[Collected material — start]
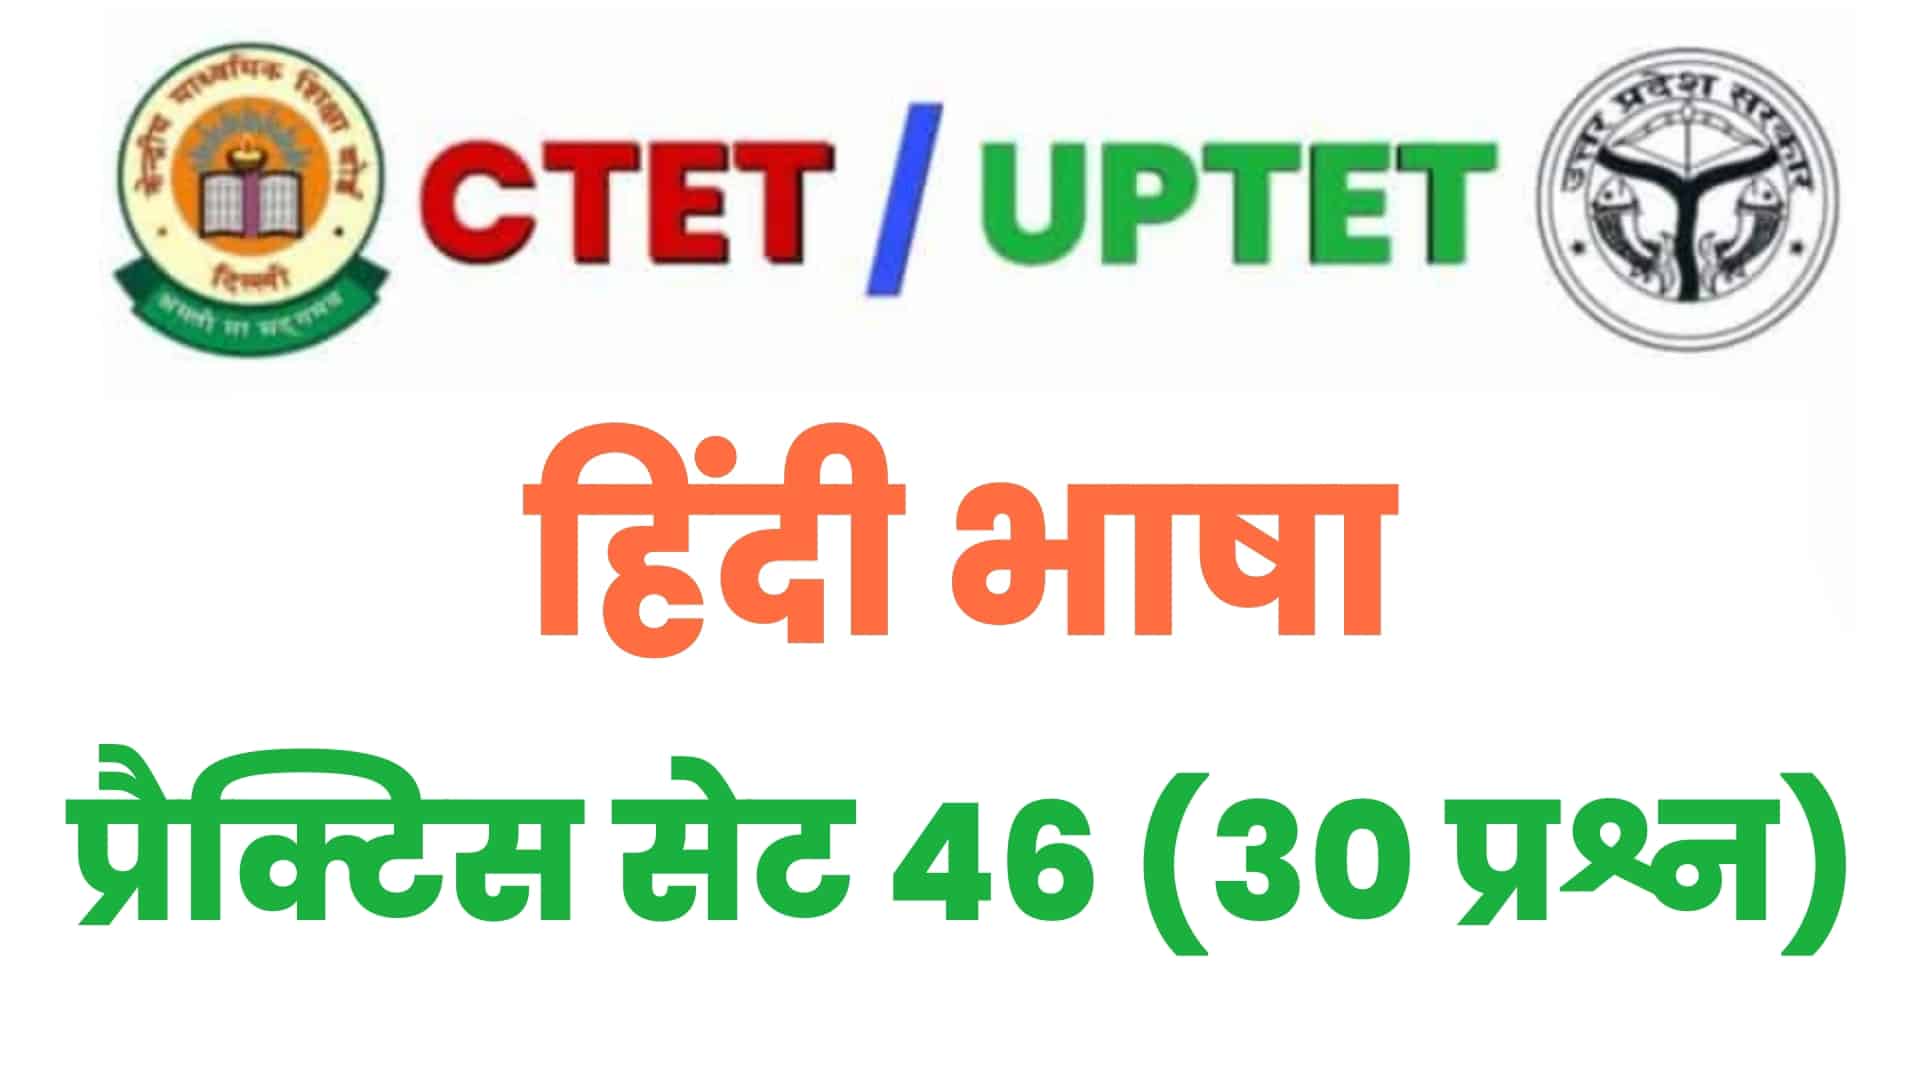 UPTET/CTET हिंदी भाषा प्रैक्टिस सेट 46 : परीक्षा में पूछे गए विगत वर्षों के इन 30 महत्वपूर्ण प्रश्नों का करें अध्ययन
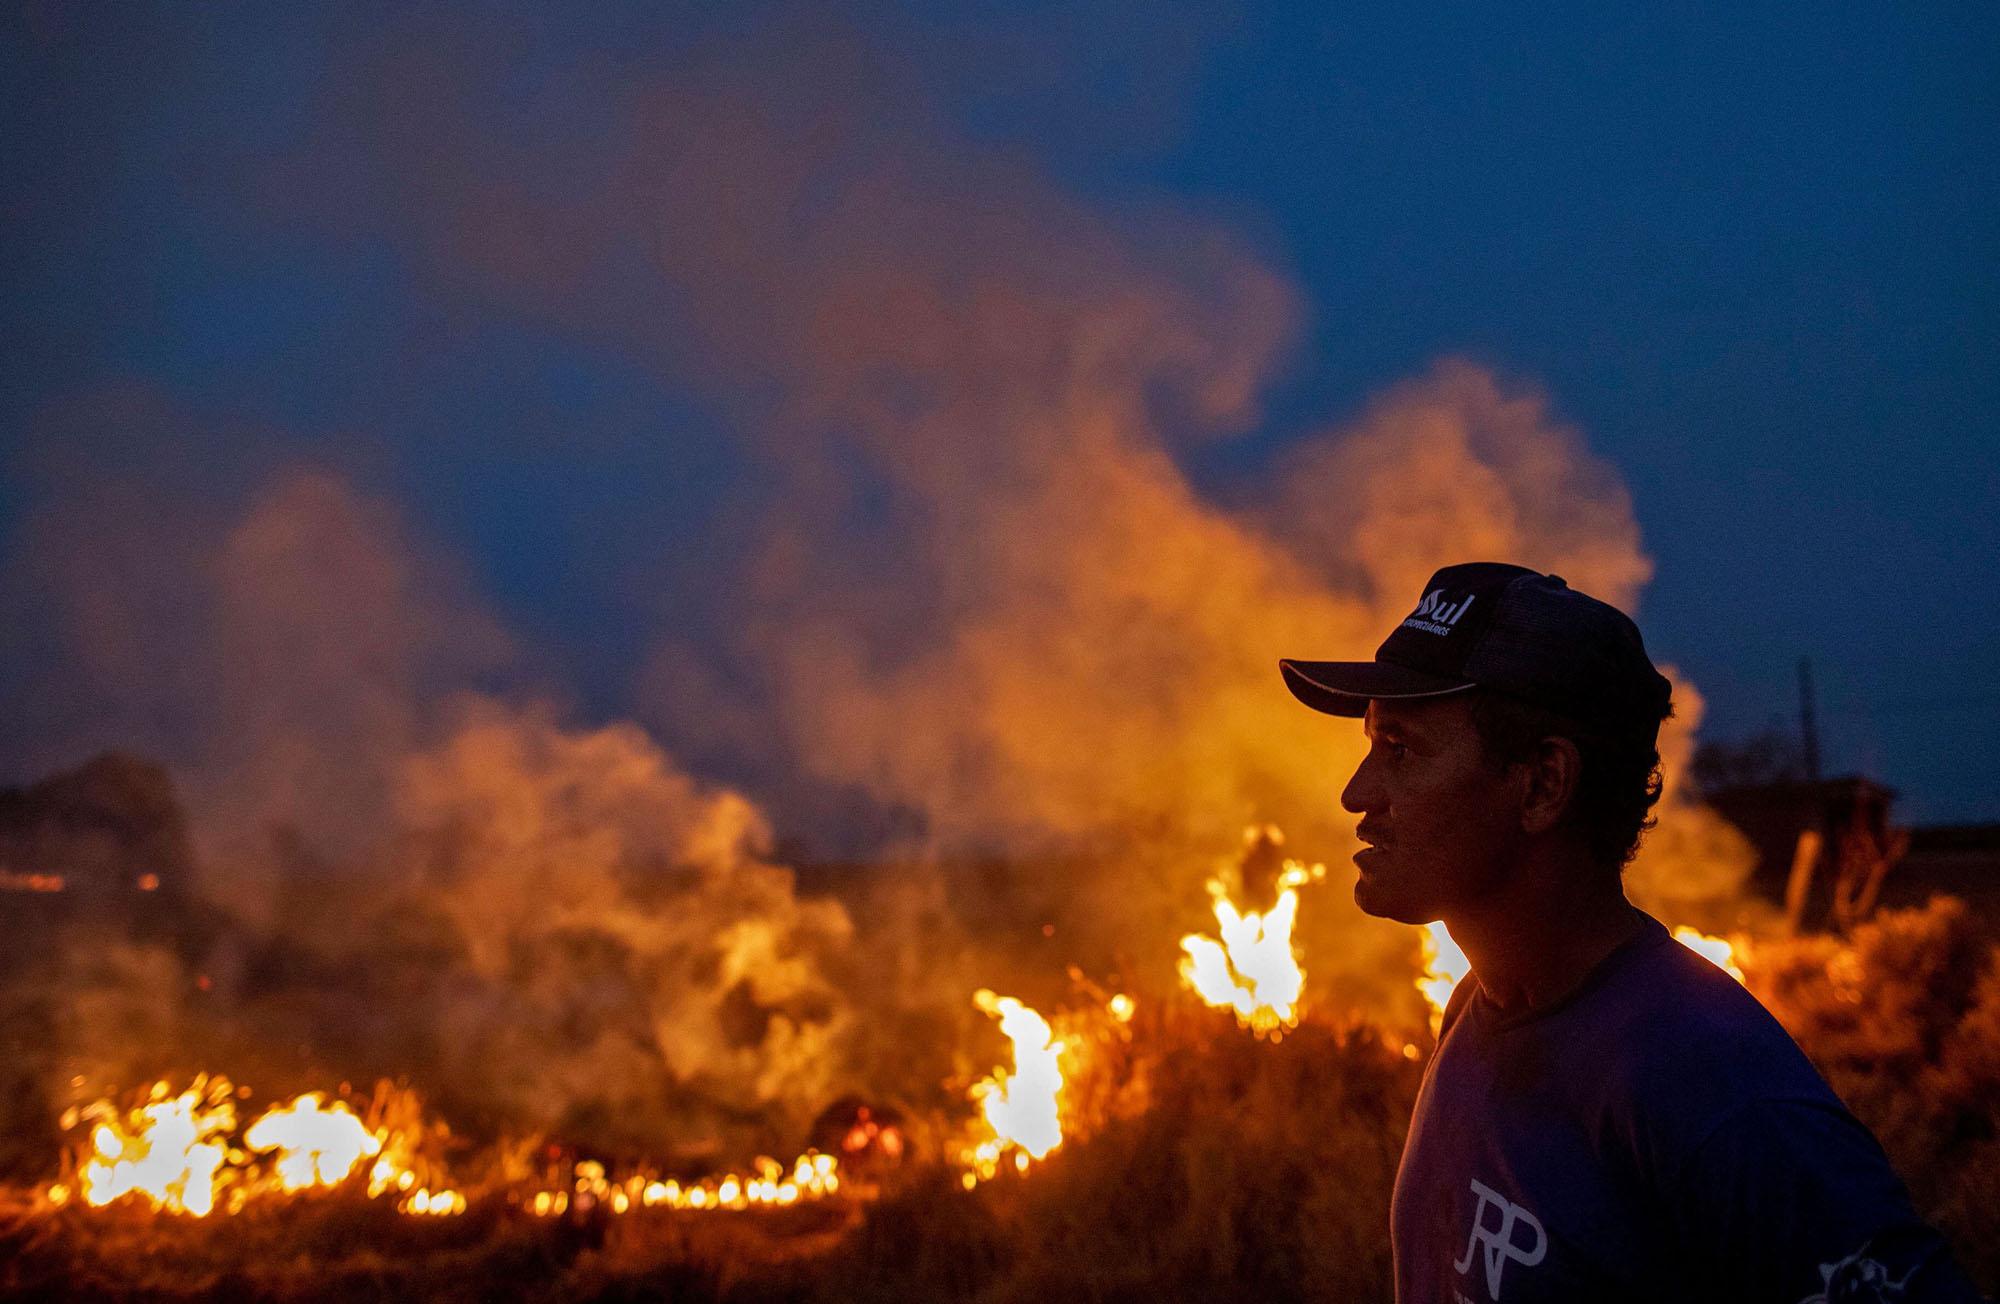 Photos: The Burning Amazon Rainforest
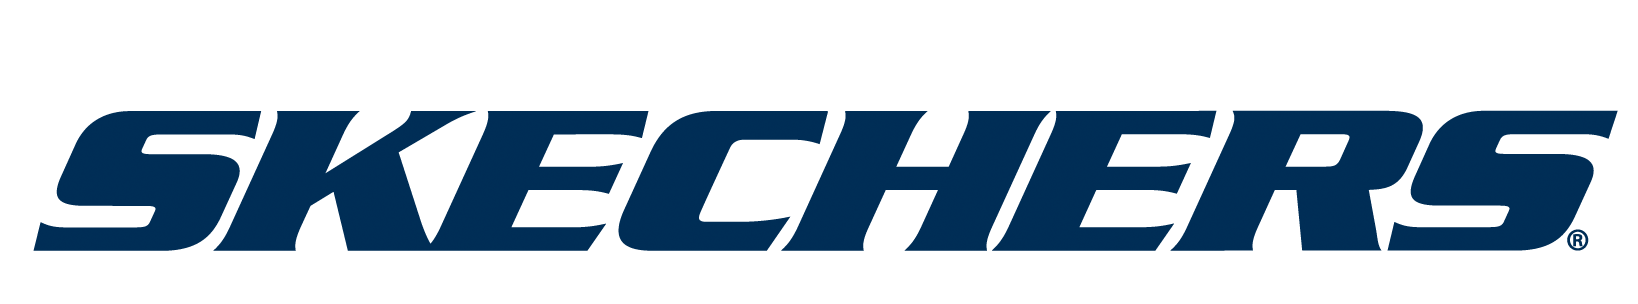 Skechers-logo-img
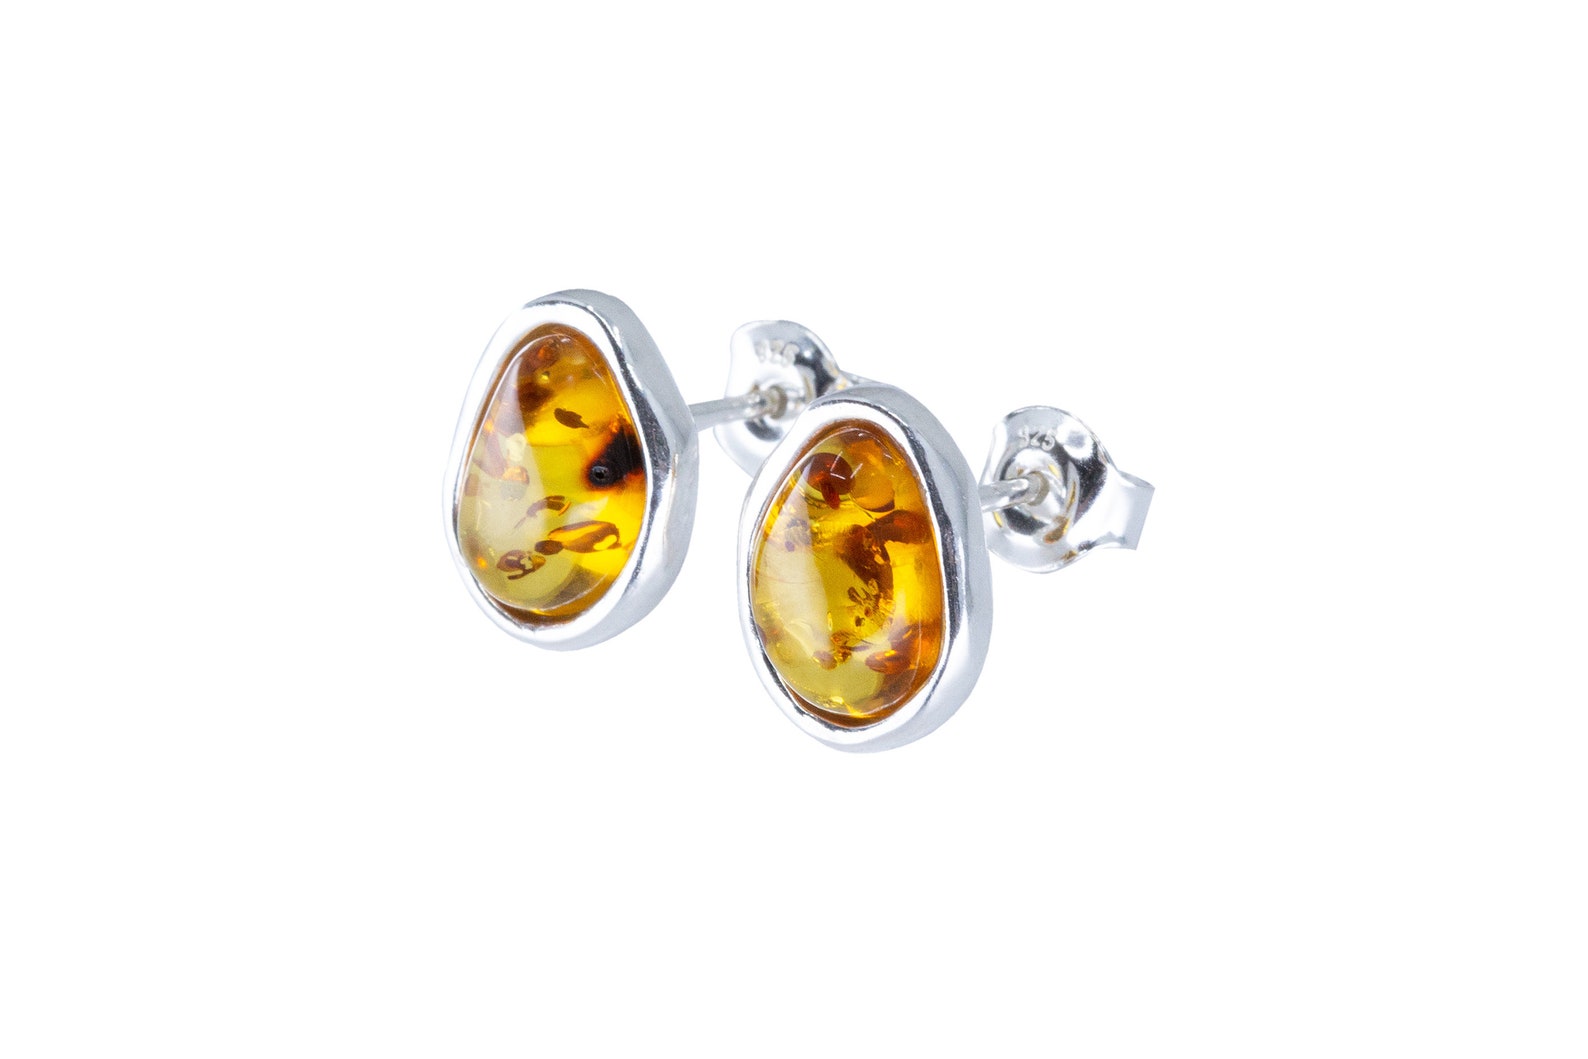 Amber ELEMENTS Stud Earrings- Earrings- Baltic Beauty
[Collected material — finish]
[Exercise goal] Since the pictures are not wanted, give the material again exactly without them.

[Answer space]
 UPTET/CTET हिंदी भाषा प्रैक्टिस सेट 46 : परीक्षा में पूछे गए विगत वर्षों के इन 30 महत्वपूर्ण प्रश्नों का करें अध्ययन
 Photos: The Burning Amazon Rainforest
 Skechers-logo-img
 Amber ELEMENTS Stud Earrings- Earrings- Baltic Beauty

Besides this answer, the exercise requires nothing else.